● The task:
The answer should hold only the lines from the beginning of the material through the one with "самая лучшая коллекция", reproduced exactly and without pictures.

● Given information:
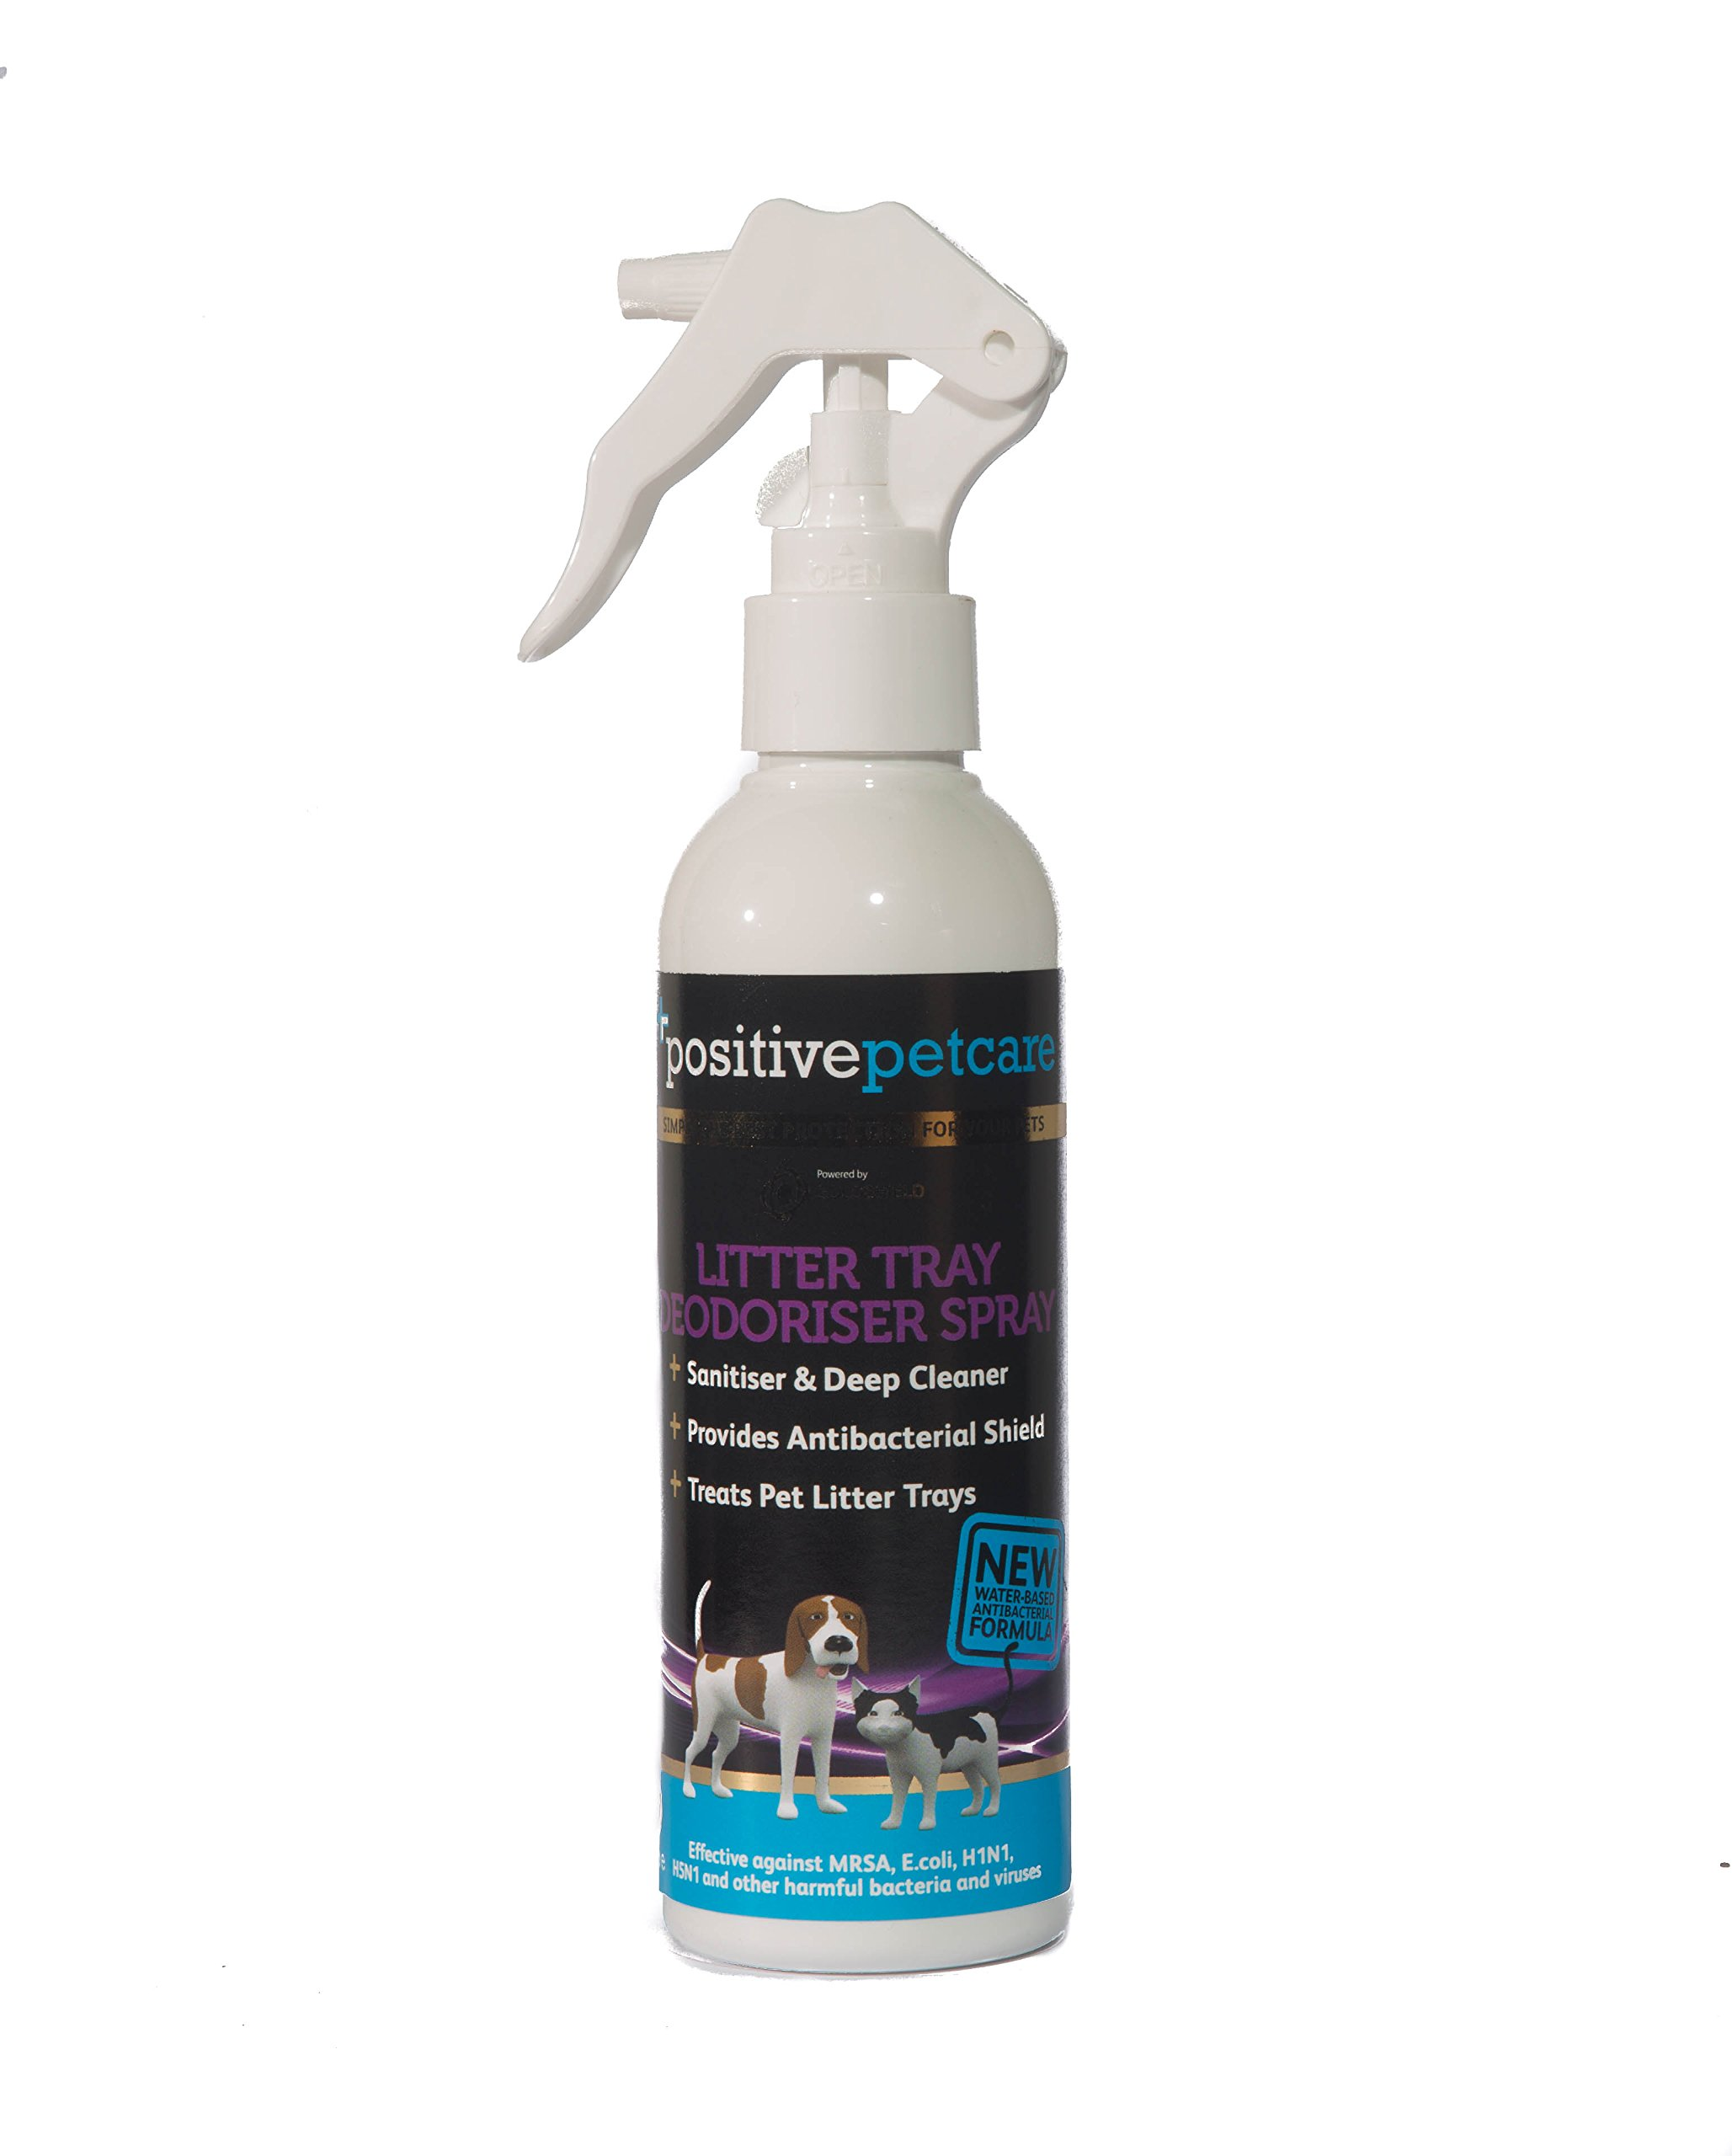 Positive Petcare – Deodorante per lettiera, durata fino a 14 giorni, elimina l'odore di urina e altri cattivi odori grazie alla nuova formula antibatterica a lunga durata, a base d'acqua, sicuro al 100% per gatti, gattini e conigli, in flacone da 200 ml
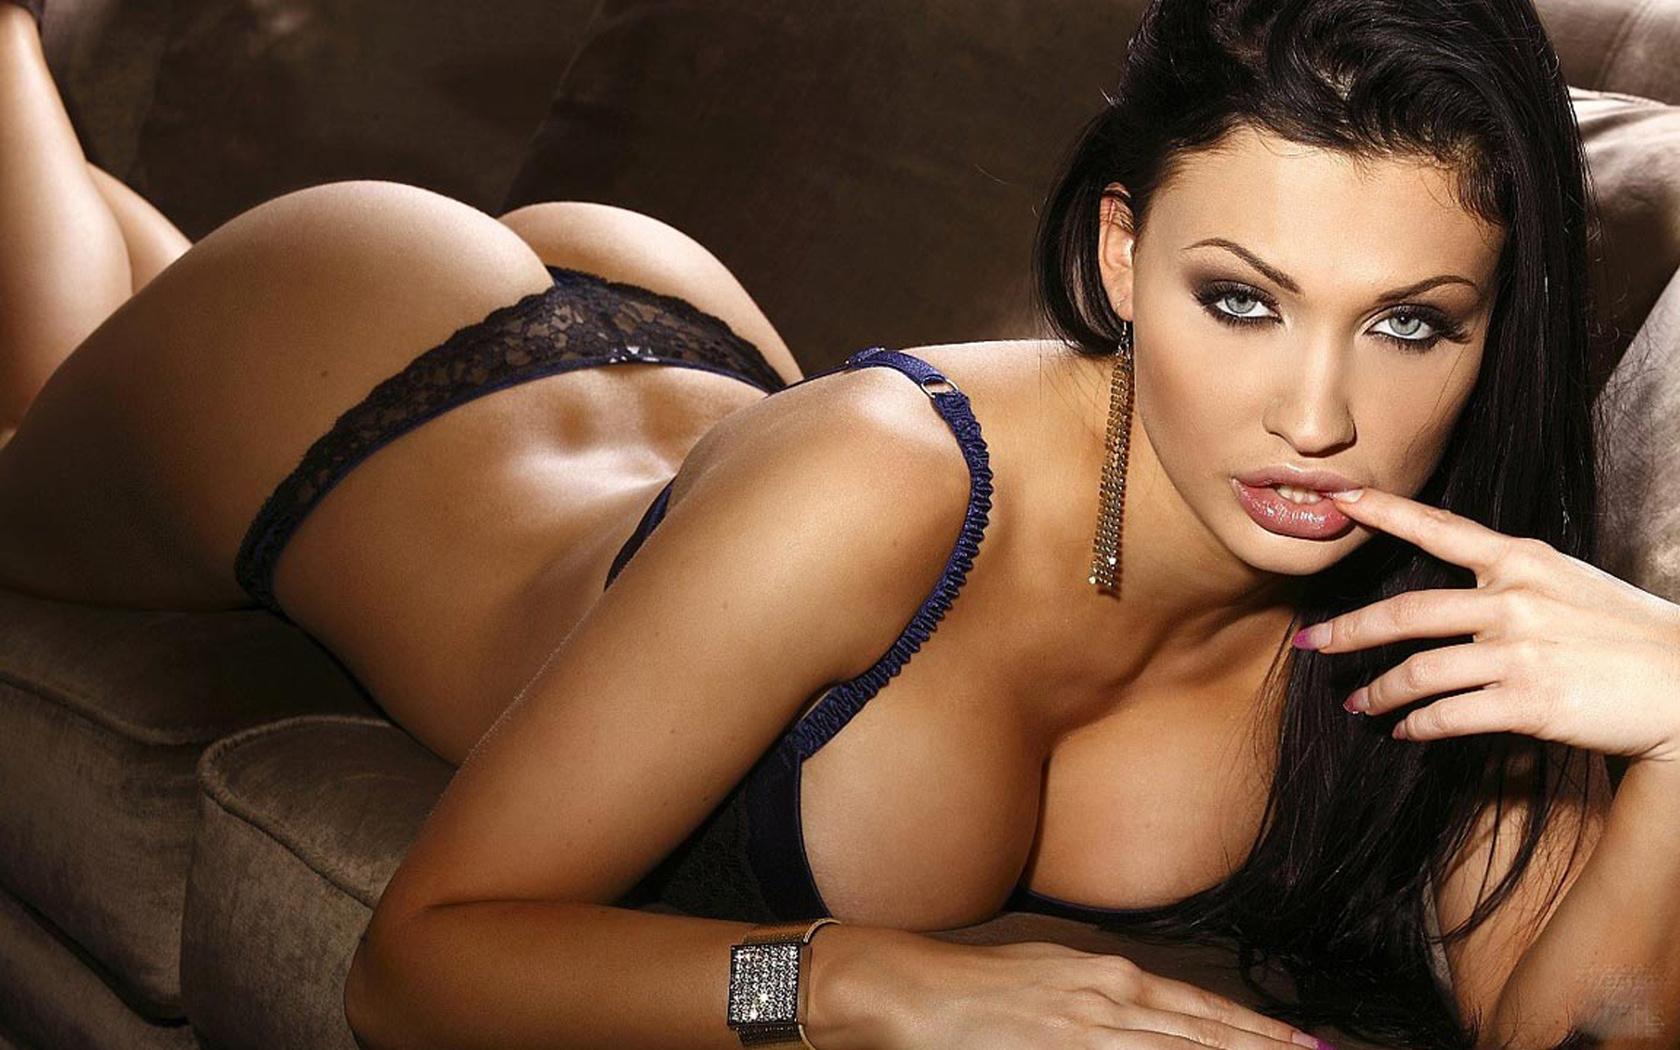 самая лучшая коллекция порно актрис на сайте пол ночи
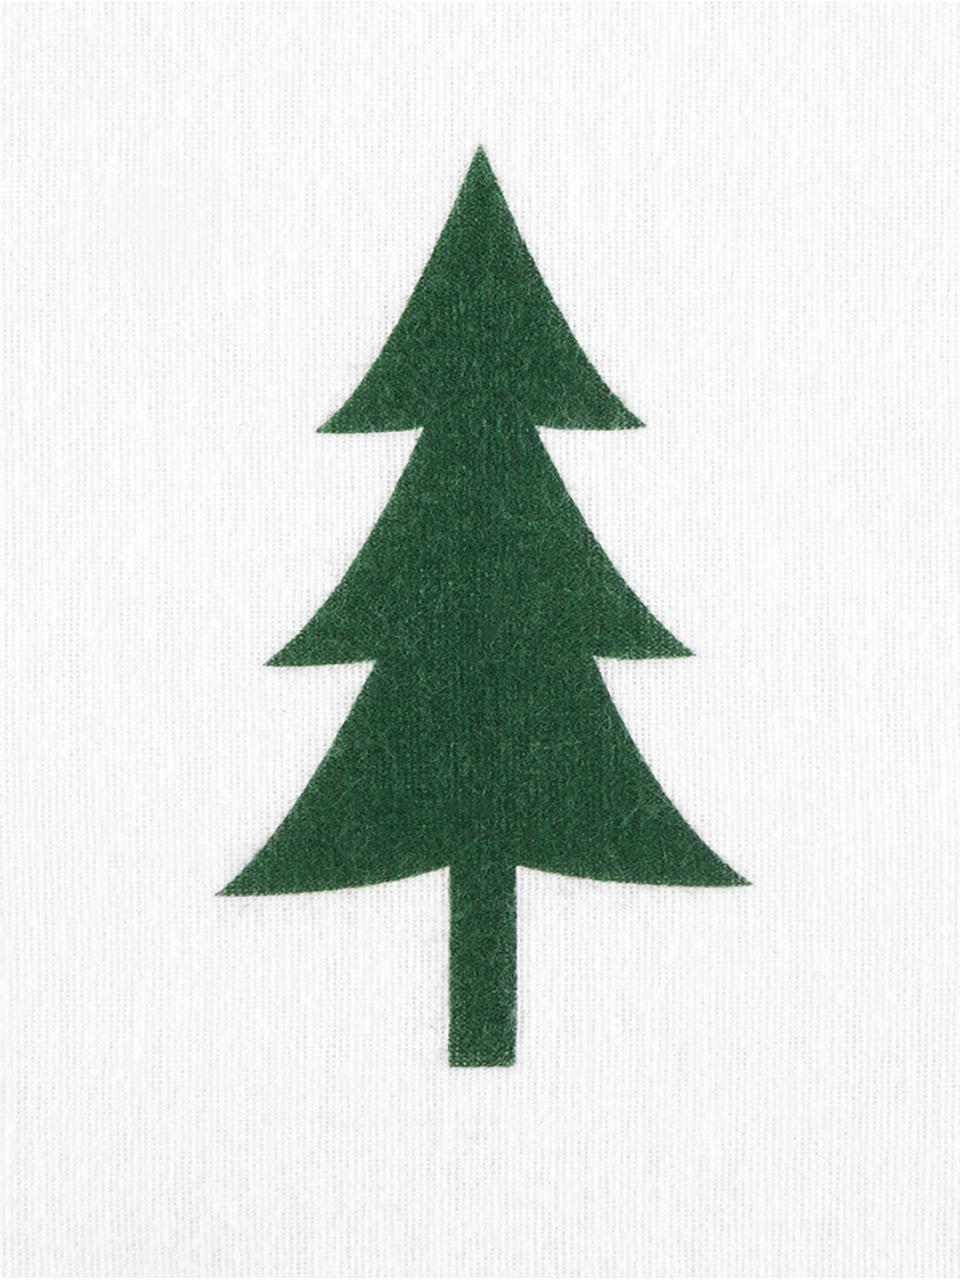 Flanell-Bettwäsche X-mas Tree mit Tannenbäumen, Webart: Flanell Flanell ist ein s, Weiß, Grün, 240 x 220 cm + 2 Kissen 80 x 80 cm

● Answer to the problem:
 Positive Petcare – Deodorante per lettiera, durata fino a 14 giorni, elimina l'odore di urina e altri cattivi odori grazie alla nuova formula antibatterica a lunga durata, a base d'acqua, sicuro al 100% per gatti, gattini e conigli, in flacone da 200 ml
 самая лучшая коллекция порно актрис на сайте пол ночи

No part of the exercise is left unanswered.